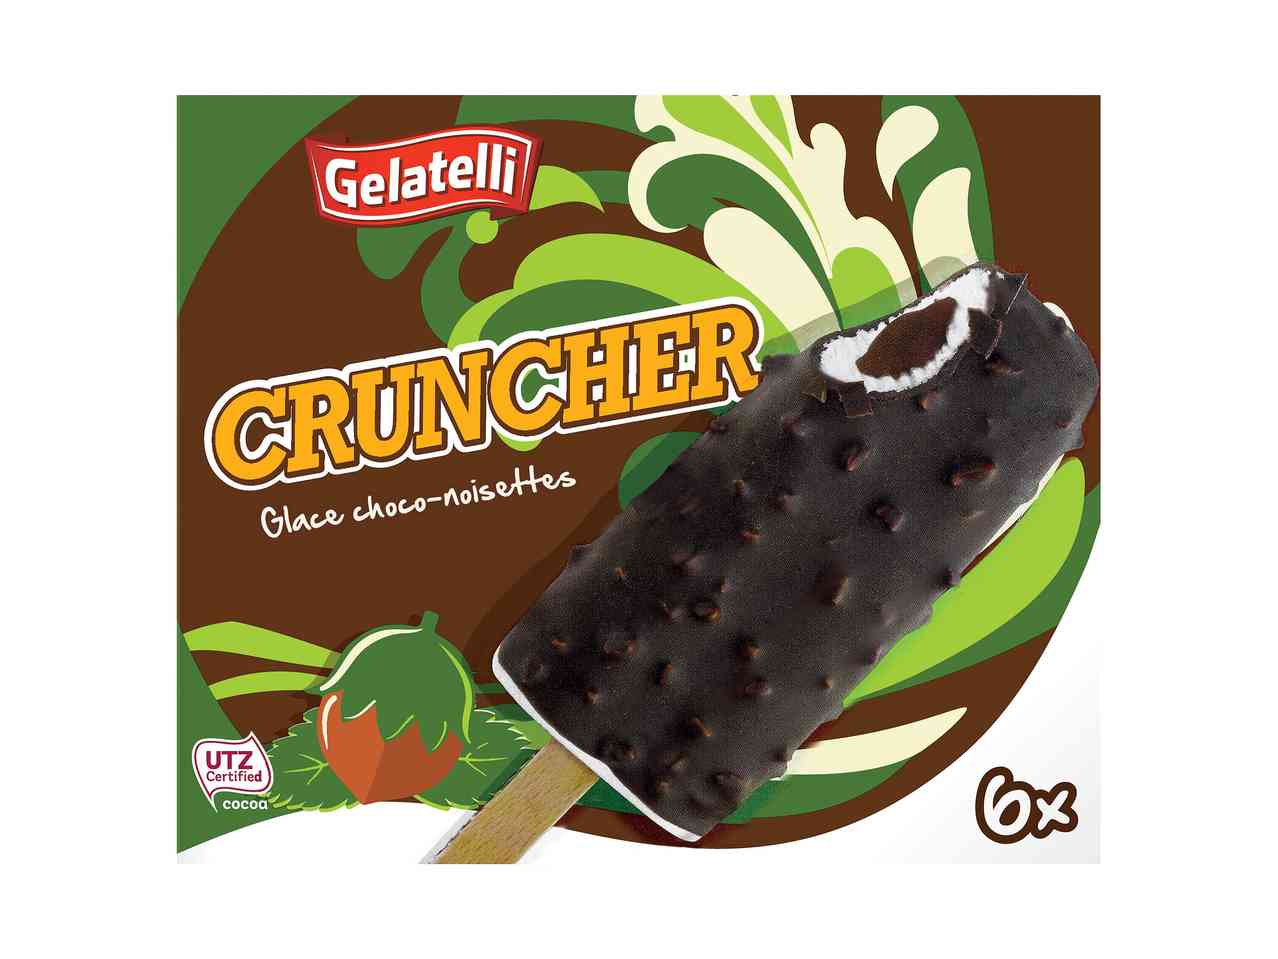 6 glaces cruncher1
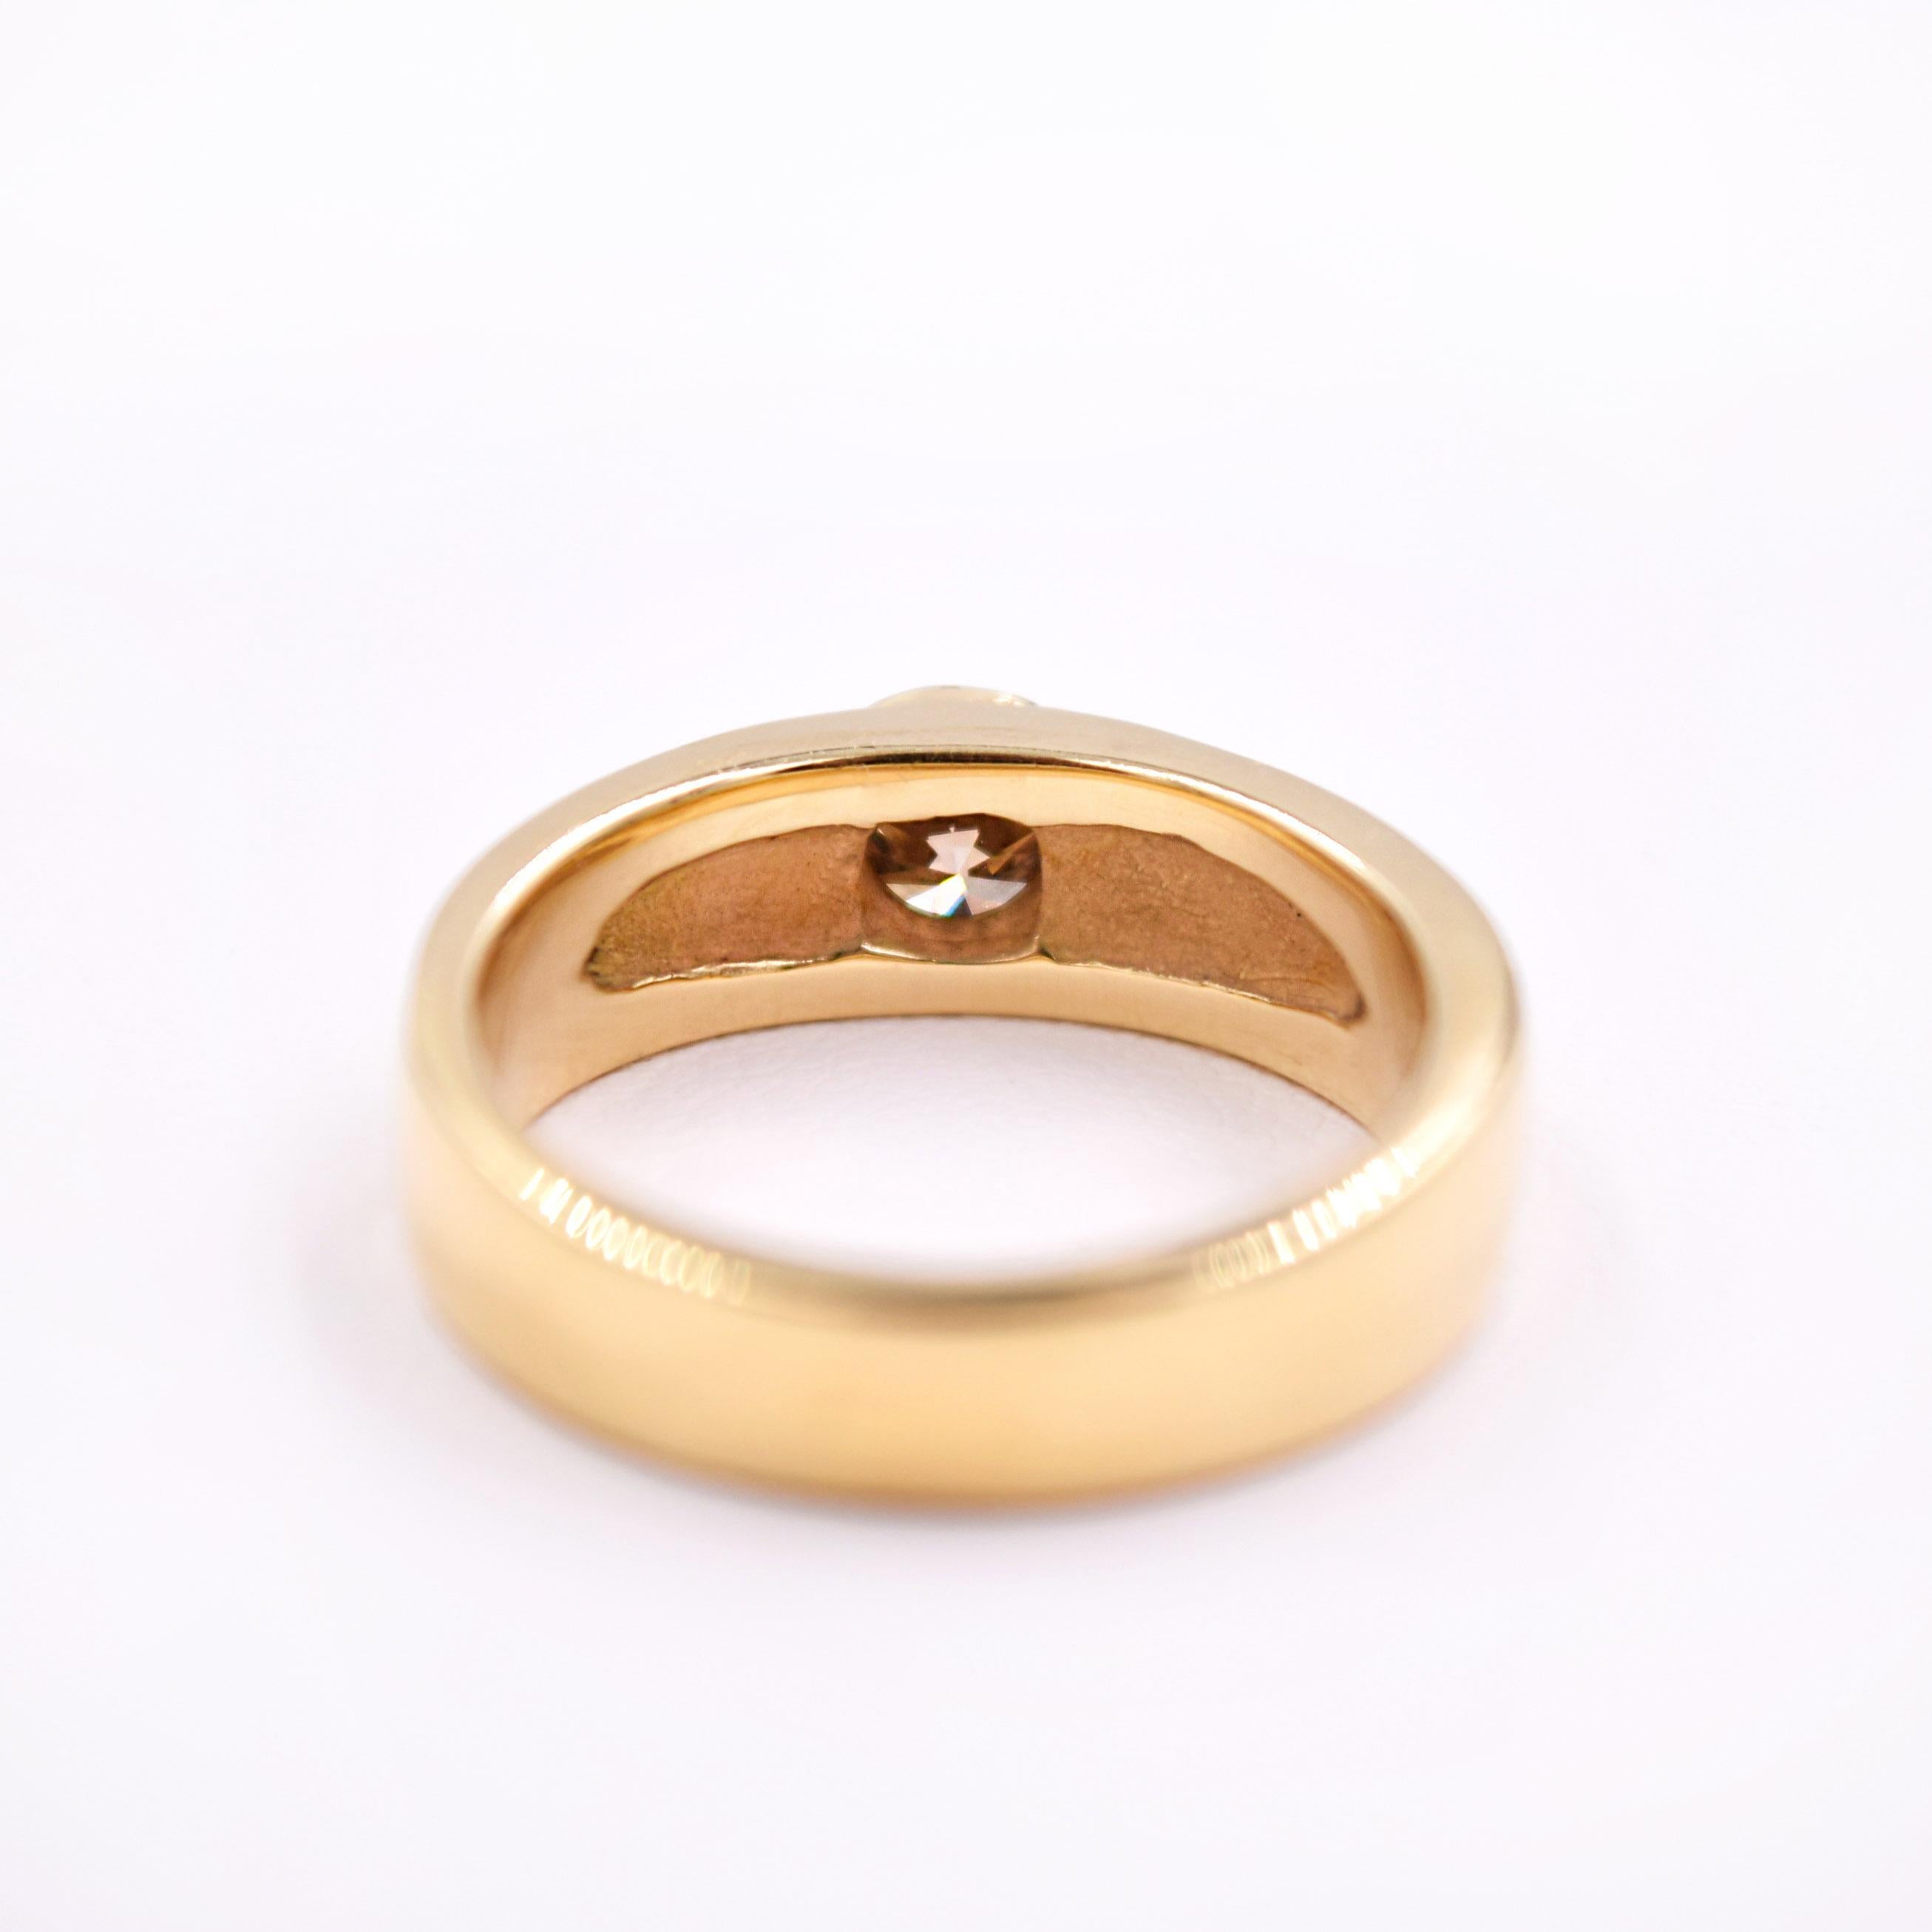 Brown Diamond and White Diamond Statement Ring in 18 Karat Yellow Gold In New Condition For Sale In Mill Valley, CA
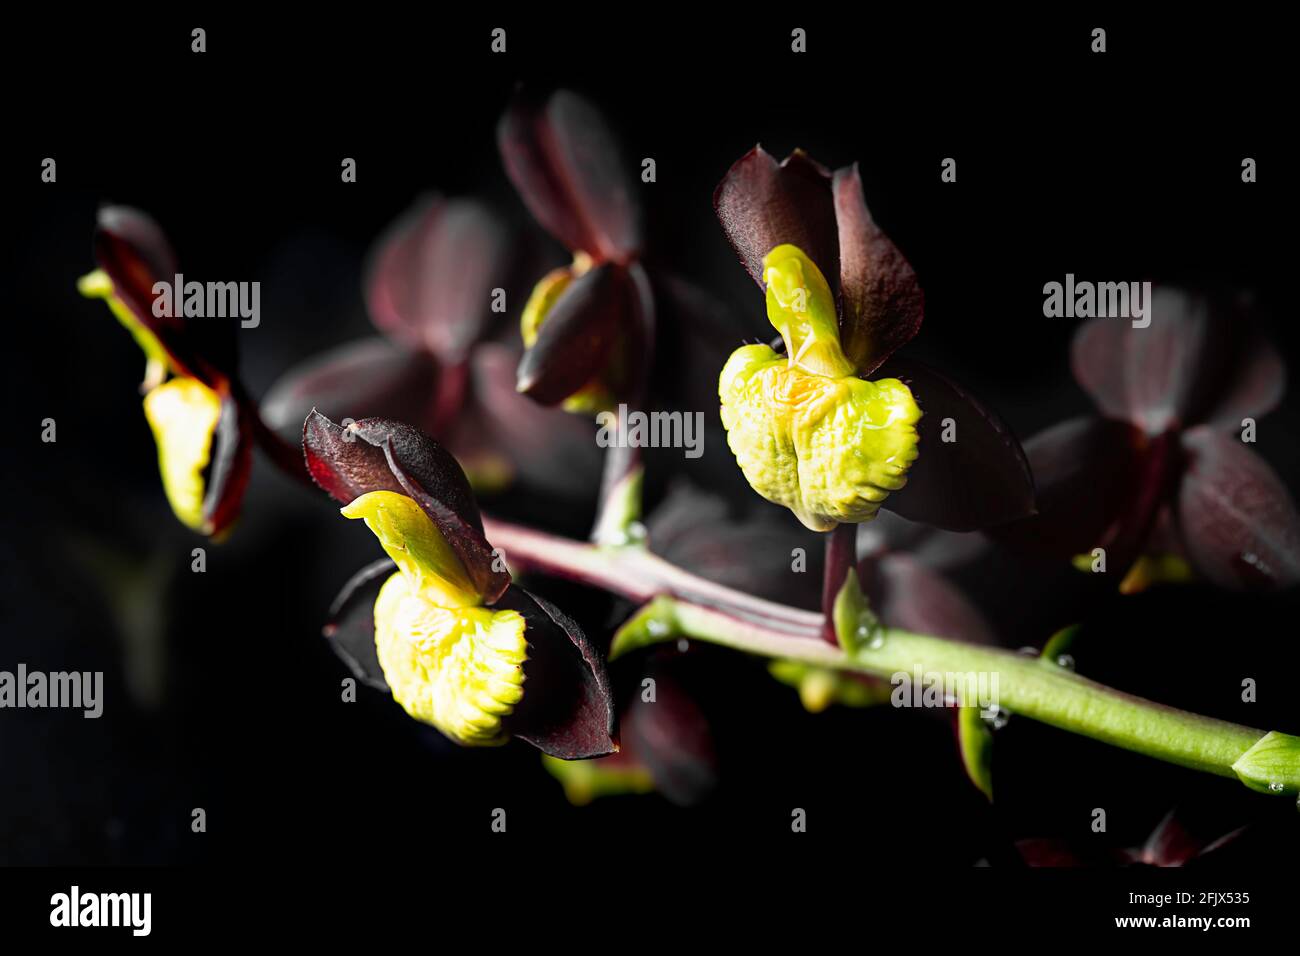 Orchid. Catasetum hybrid on black background. Catasetum tenebrosum. A photo of a stunning almost black orchid hybrid. Selective focus Stock Photo
········
## Exercise goal:
Each line above should be returned exactly as written, apart from any pictures.

## Solved exercise:
 6 glaces cruncher1
 Brown Diamond and White Diamond Statement Ring in 18 Karat Yellow Gold In New Condition For Sale In Mill Valley, CA
 Orchid. Catasetum hybrid on black background. Catasetum tenebrosum. A photo of a stunning almost black orchid hybrid. Selective focus Stock Photo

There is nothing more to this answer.